Manitoba’s largest union is calling the provincial budget out of touch on every major issue facing the province. 

A budget that many were hoping would finally invest in front-line services instead delivered on tired Conservative ideology of tax cuts.  

“We were hoping to see real investments into the services that have been helping Manitobans through this pandemic. Investments into schools, healthcare, social services, and municipalities” says Lee McLeod, CUPE Regional Director. “Instead, we got more tax cuts. This is not the budget that Manitoba families needed.” 

On health care, CUPE is calling the budget short-sighted, and unable to deal with keeping seniors in personal care homes (PCHs) safe with proper staffing levels. 

“What we see in healthcare is stop-gap measures only,” says McLeod. “This does not address inadequate funding of PCHs.” 

On education, CUPE is concerned that the ongoing cuts to education are beginning to impact student experience in schools, and eroding the health and safety of students and staff.  

“We see increased costs in schools as we try to keep students safe in their classrooms through this pandemic,” says McLeod.  “This budget does not give our workers the resources they need to do their jobs, protect students and support learning.” 

Specifically, CUPE is calling out the property tax rebate as taking needed resources out of schools when they are needed most.  

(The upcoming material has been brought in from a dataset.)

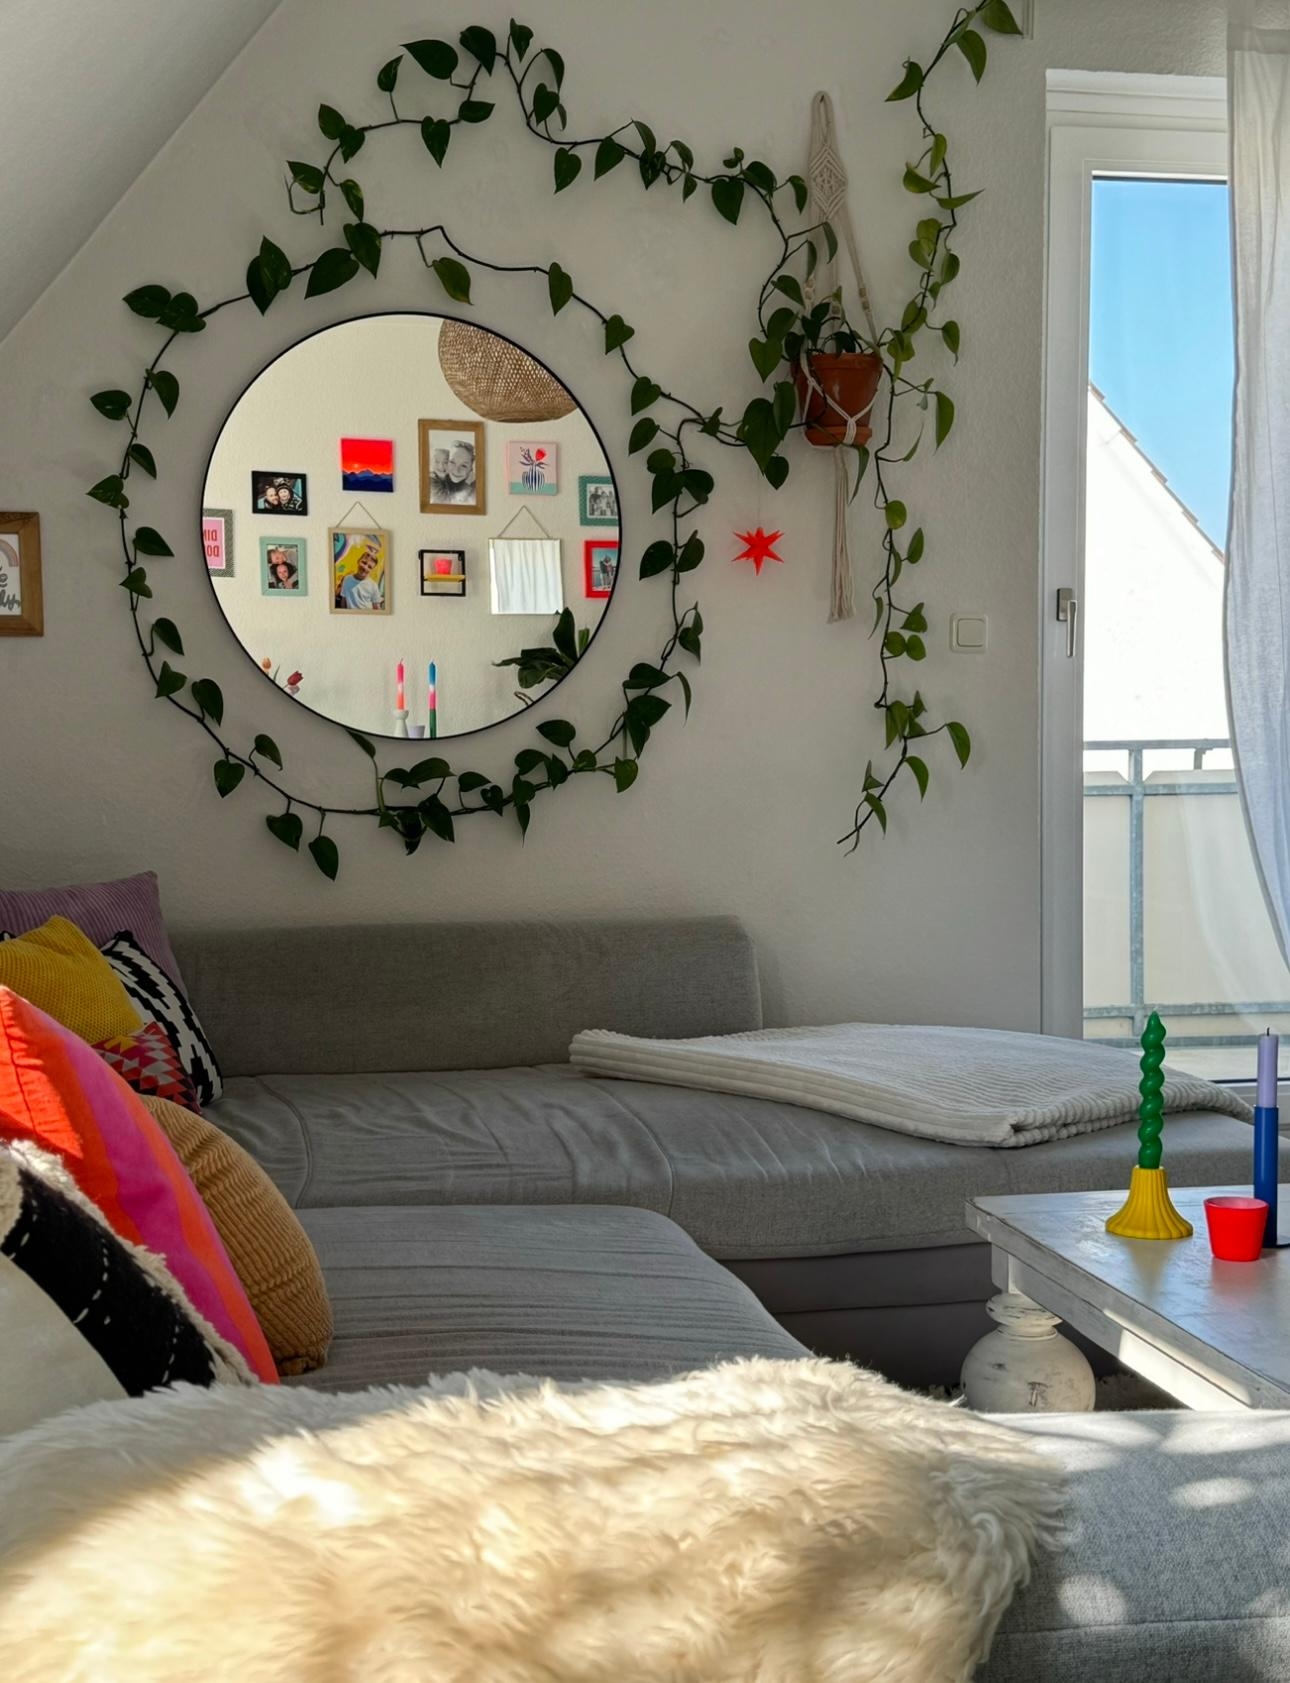 Die andere Seite vom #Wohnzimmer ..die Pflanze ist mittlerweile um den #Spiegel rum gewachsen 💚 #Greenterior #Wandgestaltung #Colourfulhome #Bunteswohnen #Homestory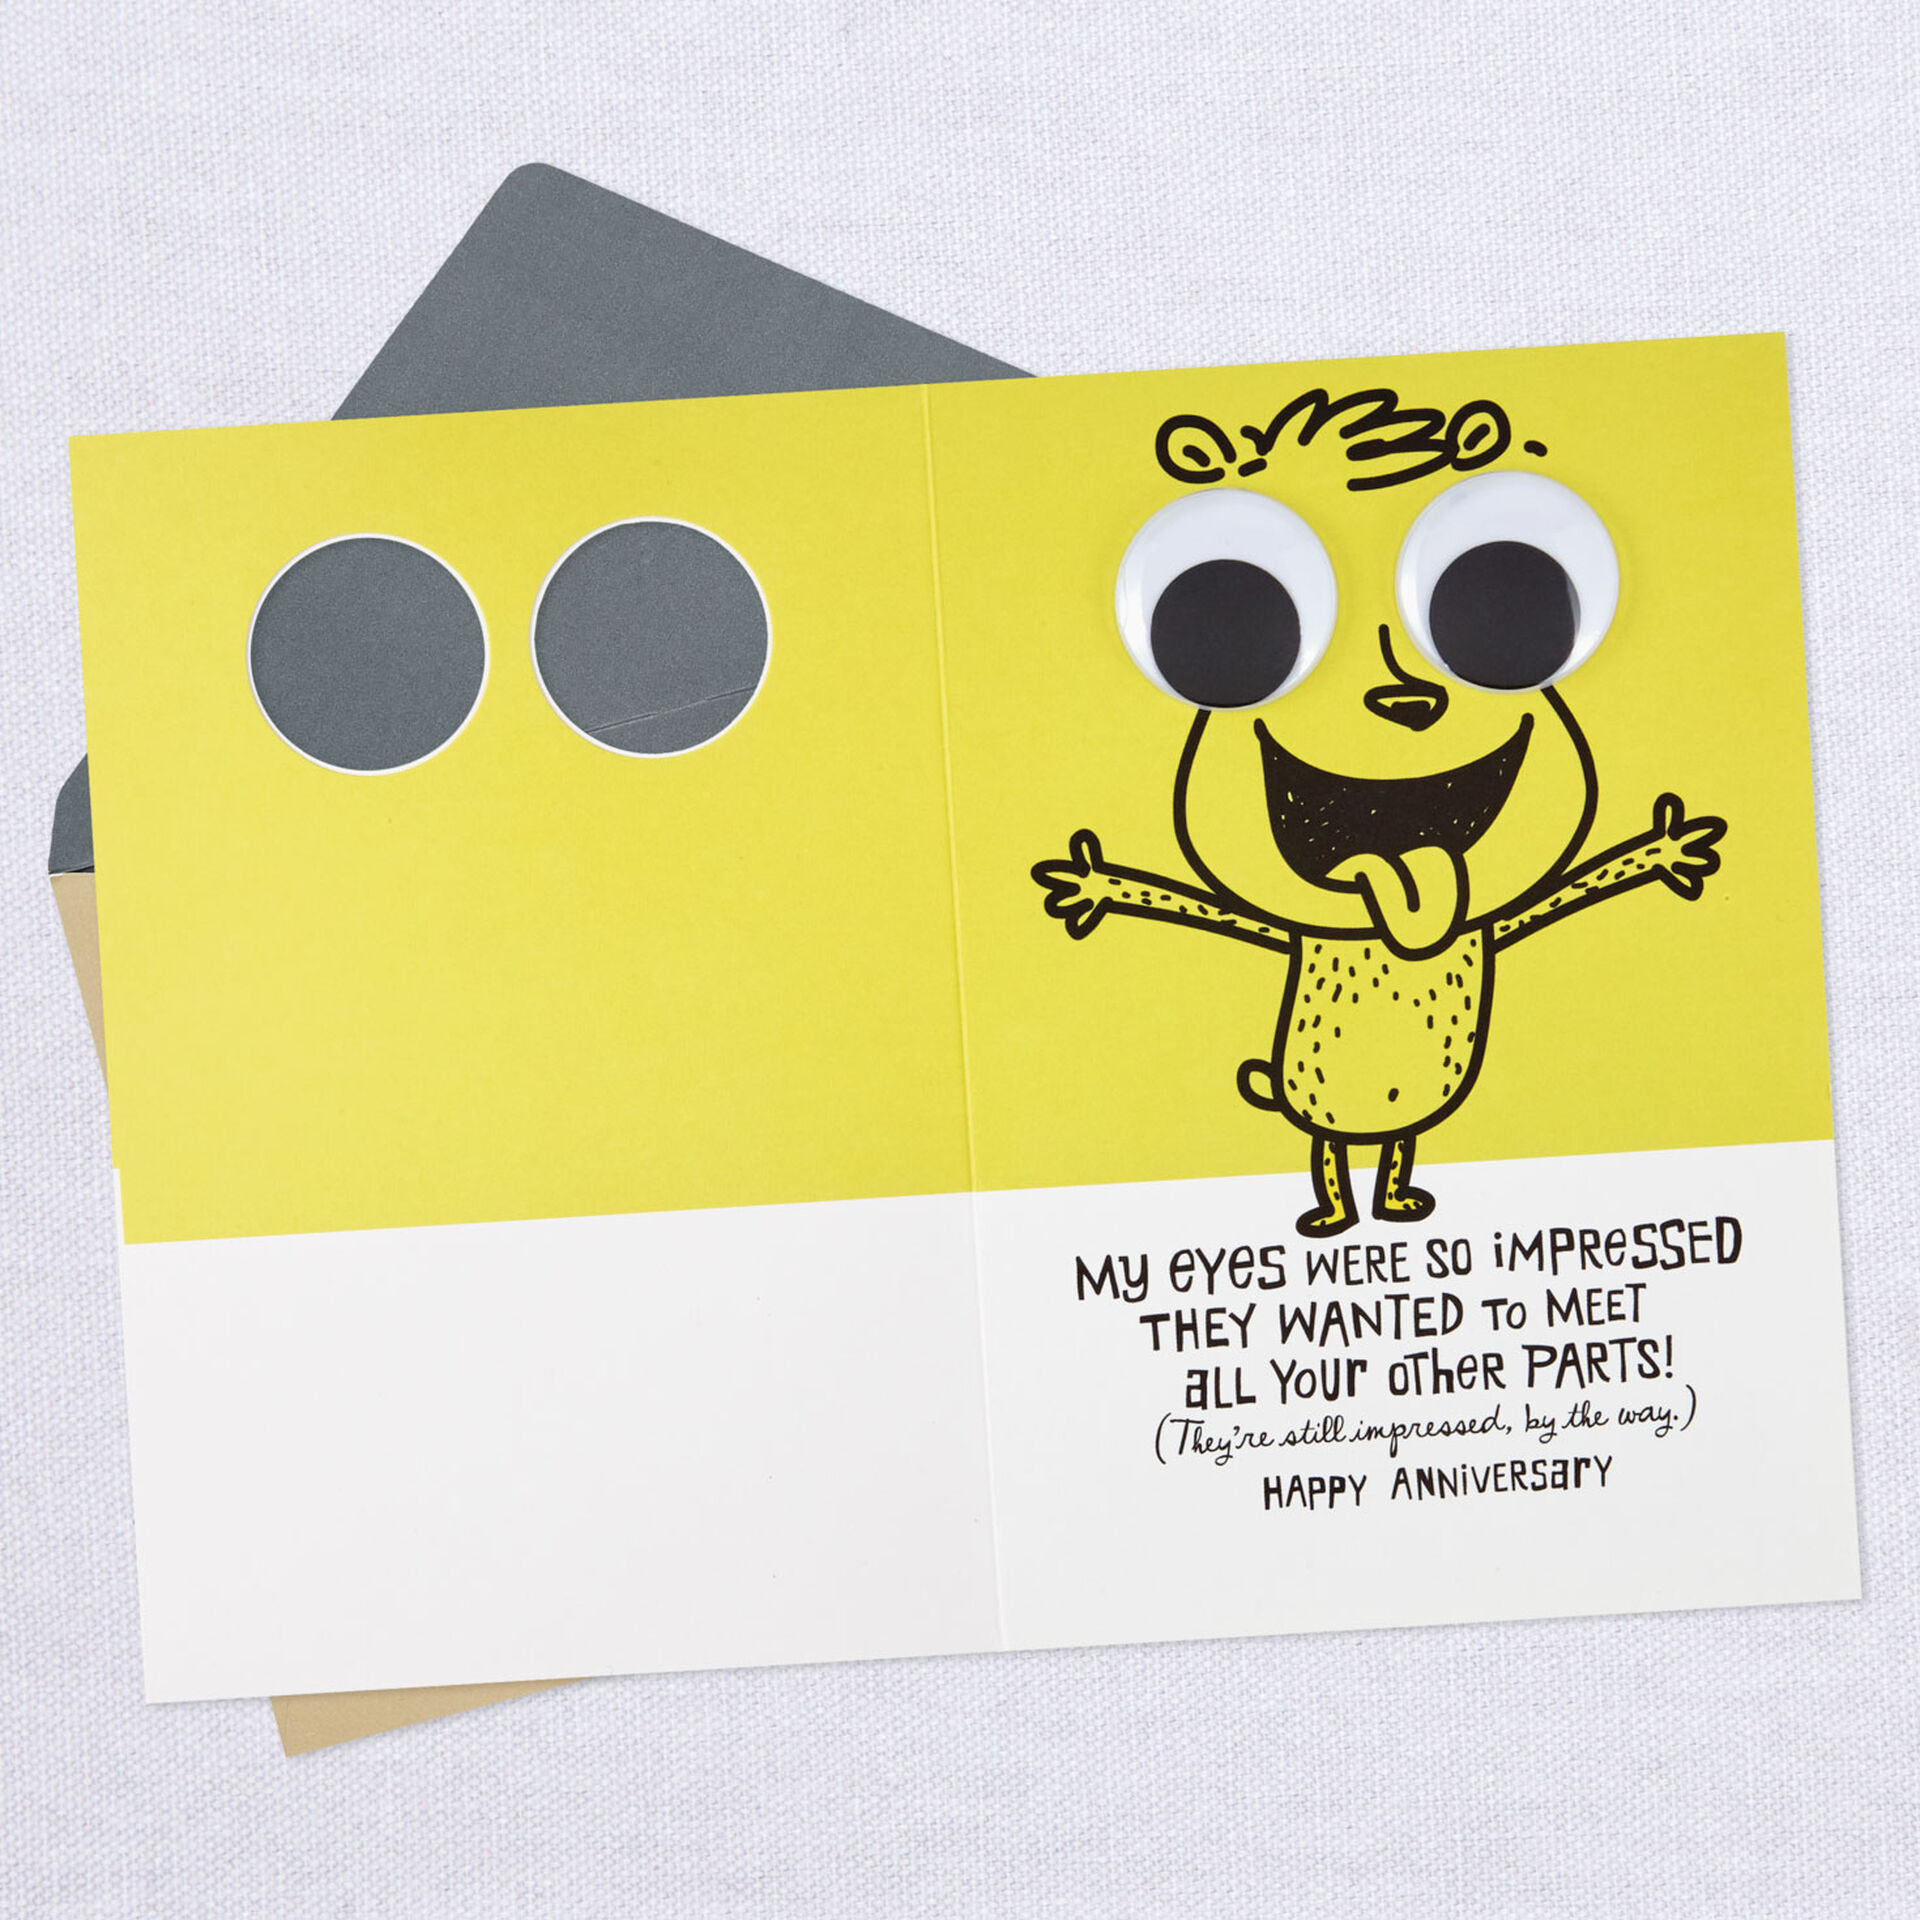 Googly-Eyed-Couple-Anniversary-Card_399AVY2833_03

On municipalities, CUPE pointed out that the budget has failed to invest in the municipal services that Manitobans count on.  

“This level of transfer to municipalities is going to mean that meaningful progress on building active transit, improving water quality and taking significant action on climate change is going to be delayed once again,” says McLeod.  “Municipalities need support, not cuts and freezes yet again.” 

On childcare, CUPE is crying foul on a budget that does nothing meaningful to increase spaces. 

“We hear from our members, we hear from parents, that there are not enough childcare spaces,” says McLeod. “This government simply is not making good quality public childcare a priority.”  

On post-secondary education, CUPE is calling out a significant cut to funding to the University of Manitoba.  

“This is a government that has never supported students,” says McLeod. “This, on the heels of the legislation allowing post secondary institutions to raise tuition is going to lead to pricing out low-income students and higher overall student debt, and that’s not fair.” 

The Canadian Union of Public Employees is Canada’s largest union representing more than 700,000 members. In Manitoba, CUPE represents approximately 37,000 members working in health care facilities, personal care homes, home care, school divisions, municipal services, social services, child care centres, public utilities, libraries and family emergency services.